REQUIREMENT — Copy, pictures aside: the lines below from the one that holds "Standard Furniture Jessica" through the final line of the listing, both ends included, exactly as they are and nothing else.

SOURCE MATERIAL —

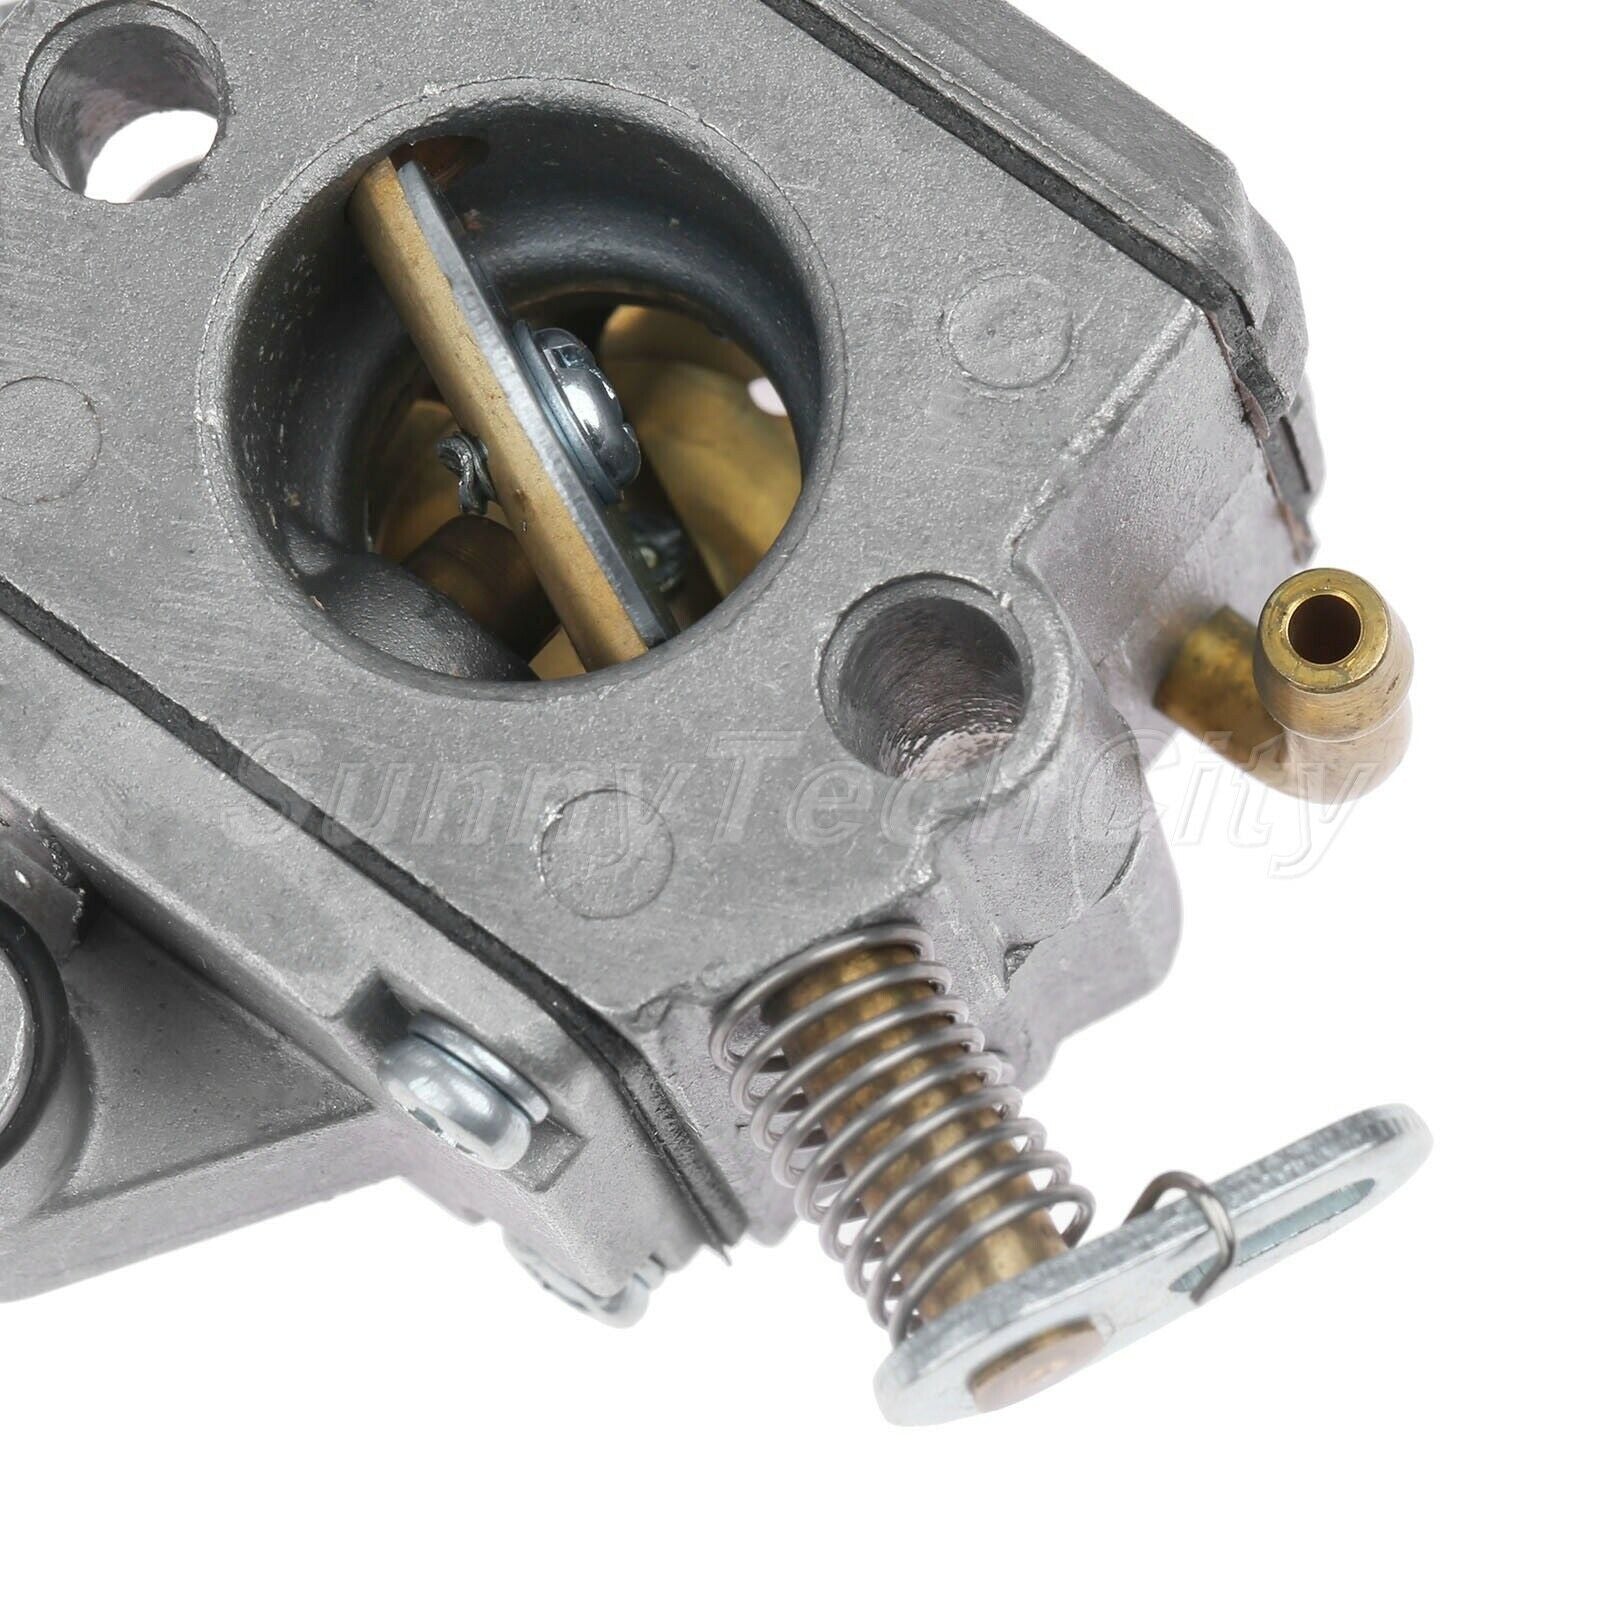 1 Set CARB Carburetor Rebuild Kit Chainsaw Parts For STIHL 017 018 MS170 MS180
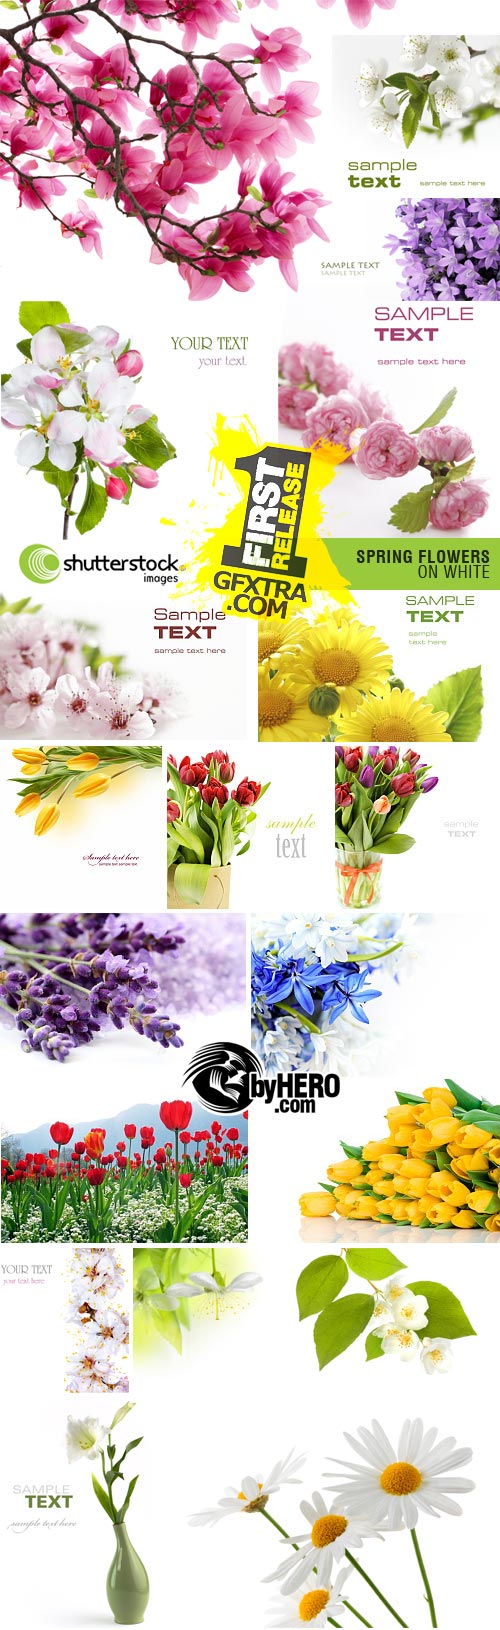 Shutterstock - Spring Flowers 22xJPGs
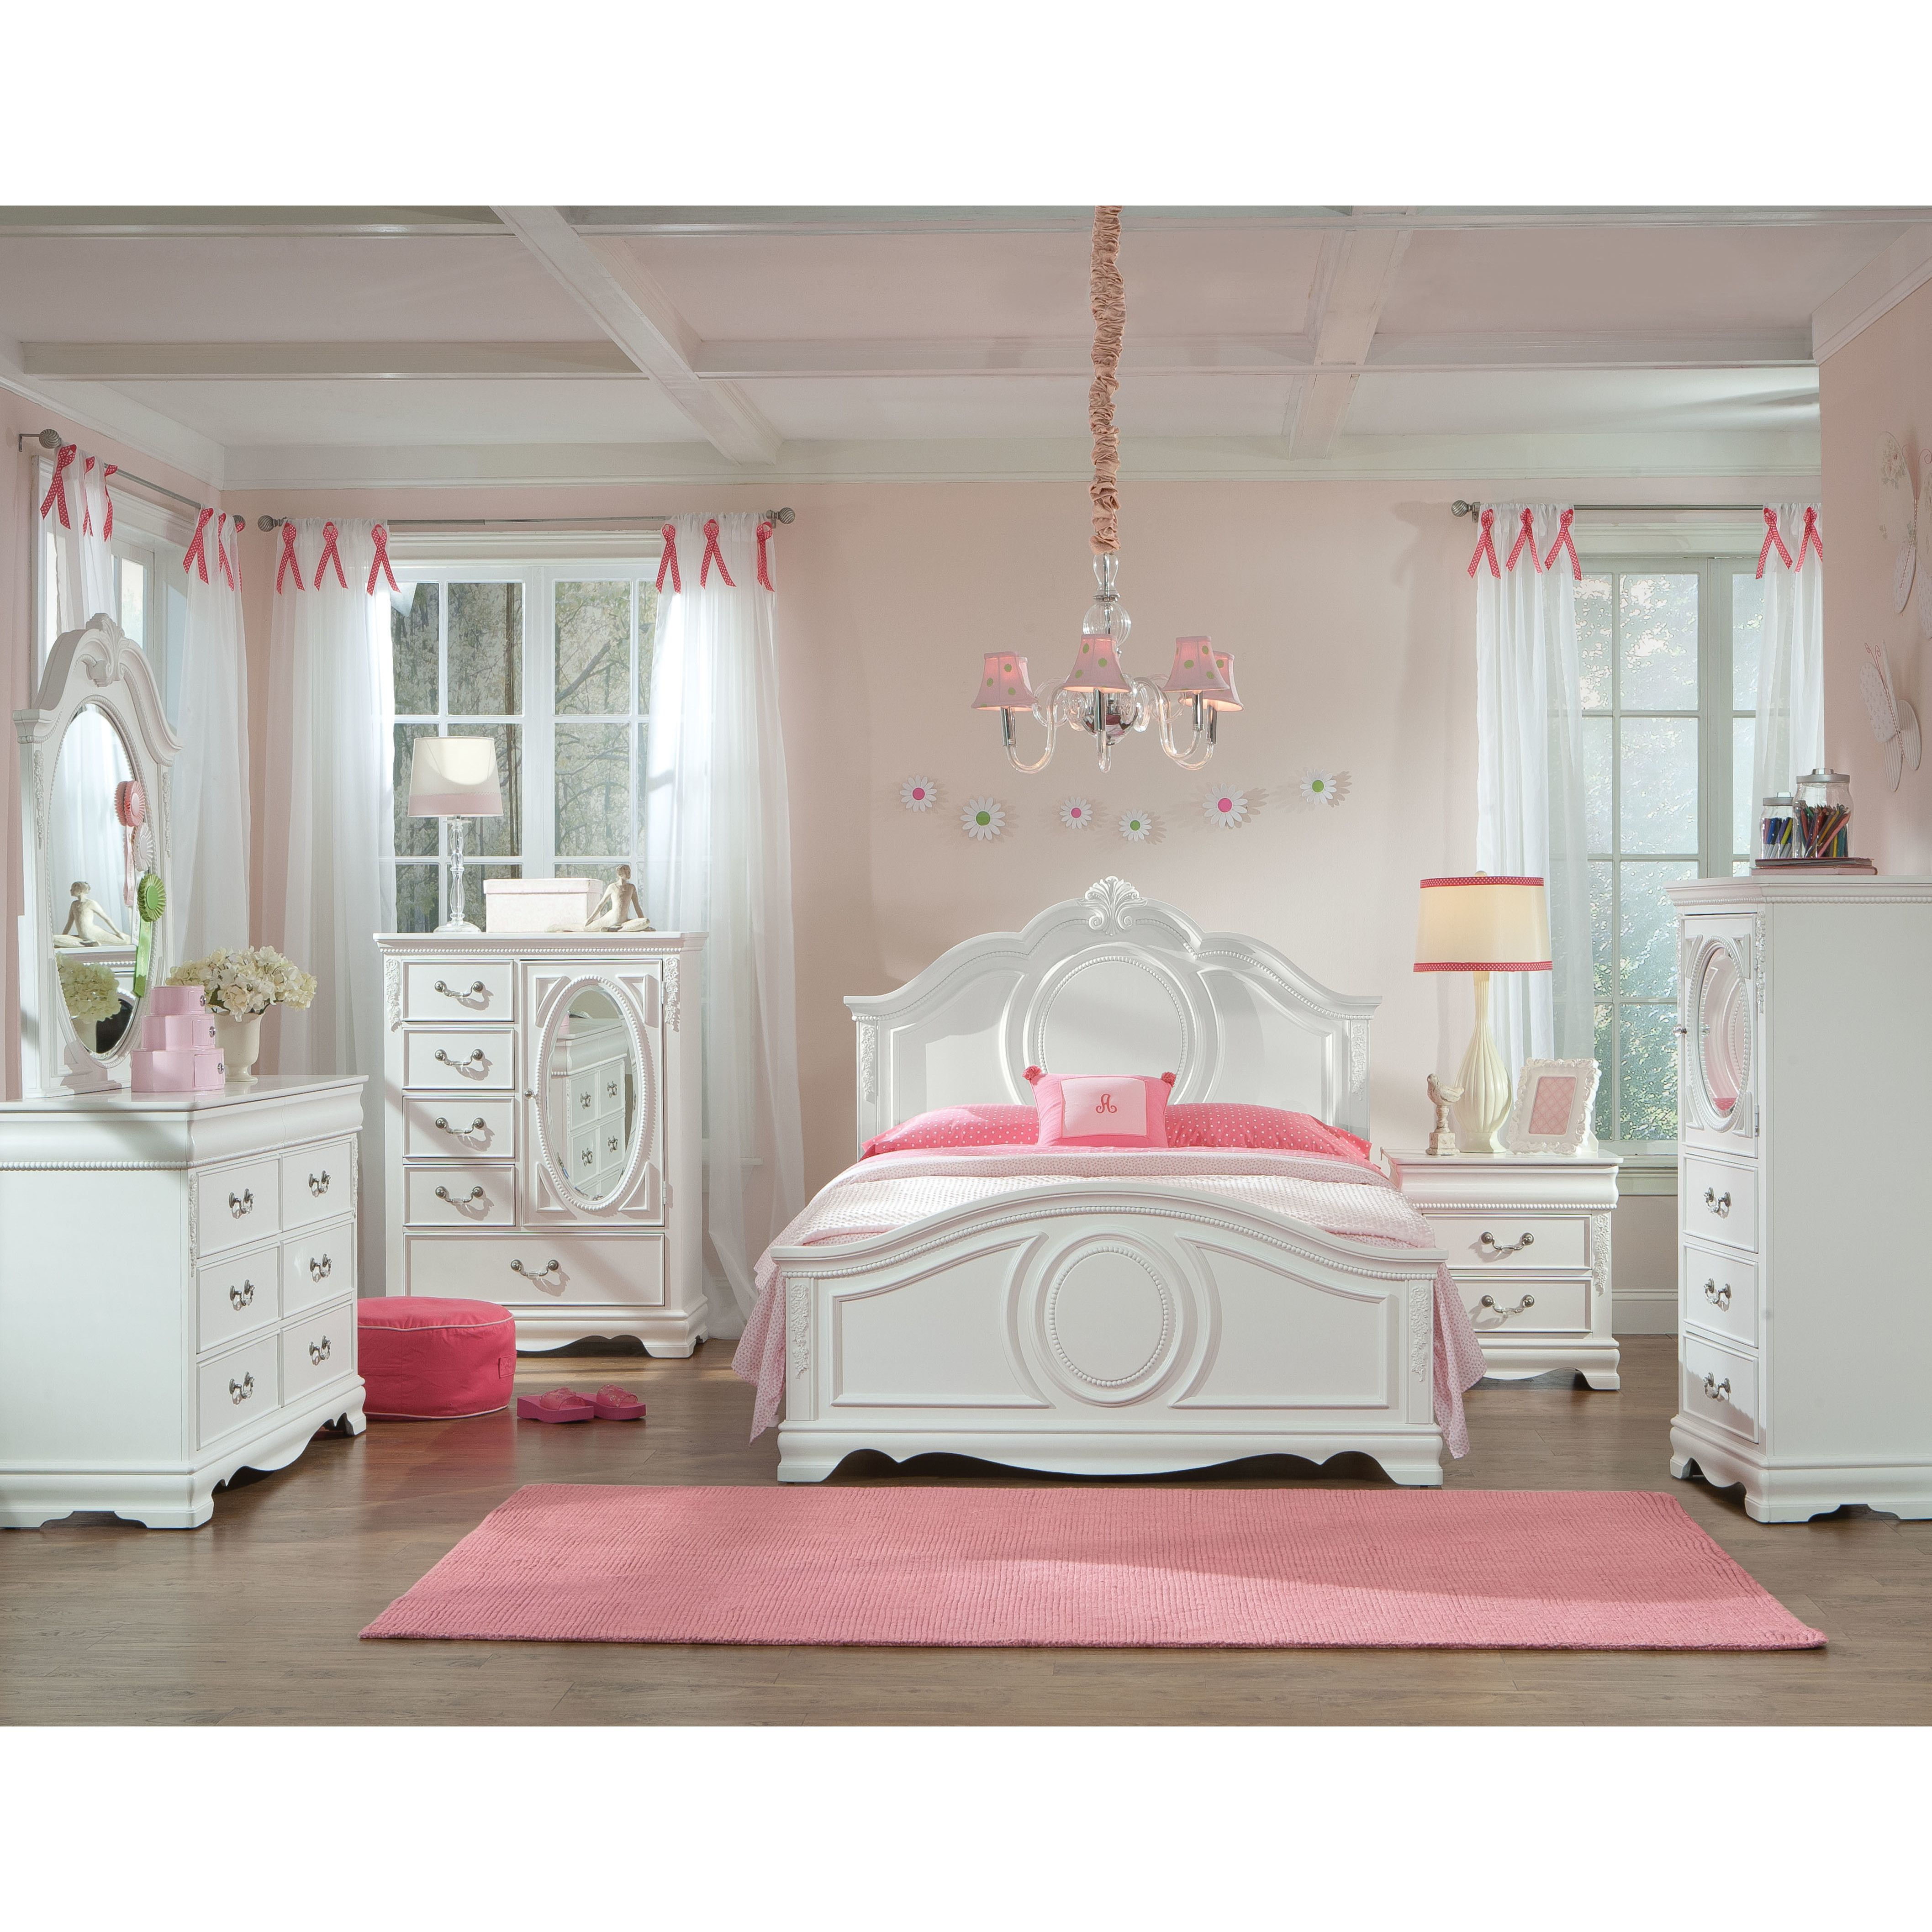 Standard Furniture Jessica Panel Customizable Bedroom Set Ideas inside measurements 4230 X 4230
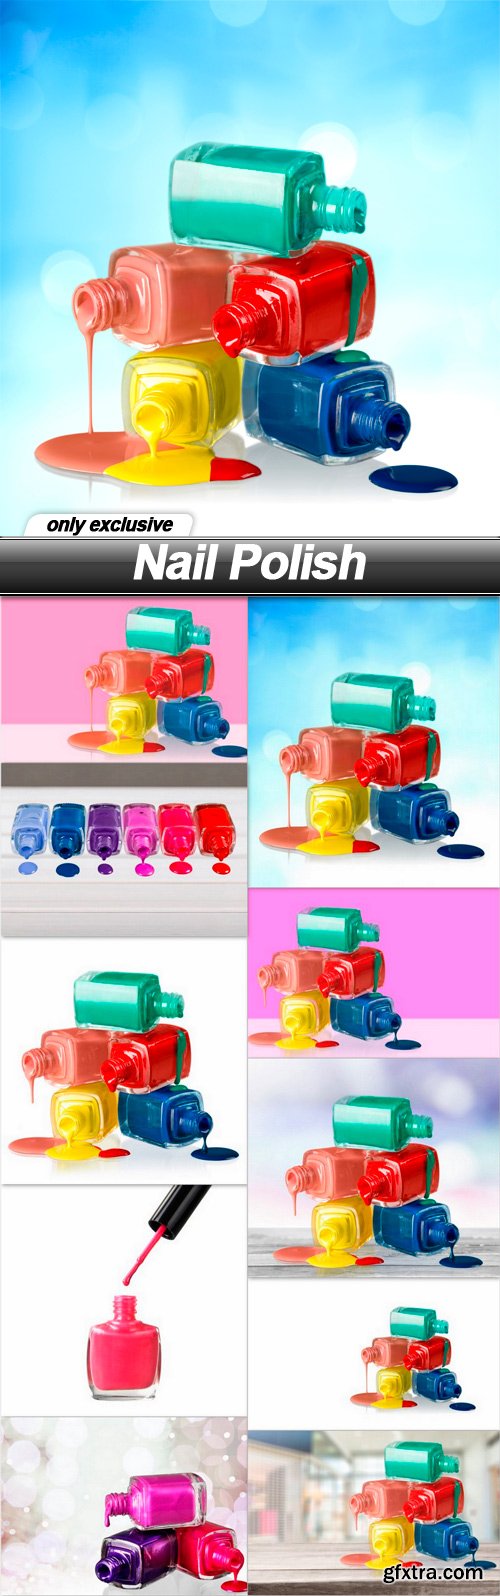 Nail Polish - 10 UHQ JPEG

TASK ANSWER —
 Standard Furniture Jessica Panel Customizable Bedroom Set Ideas inside measurements 4230 X 4230
 Nail Polish - 10 UHQ JPEG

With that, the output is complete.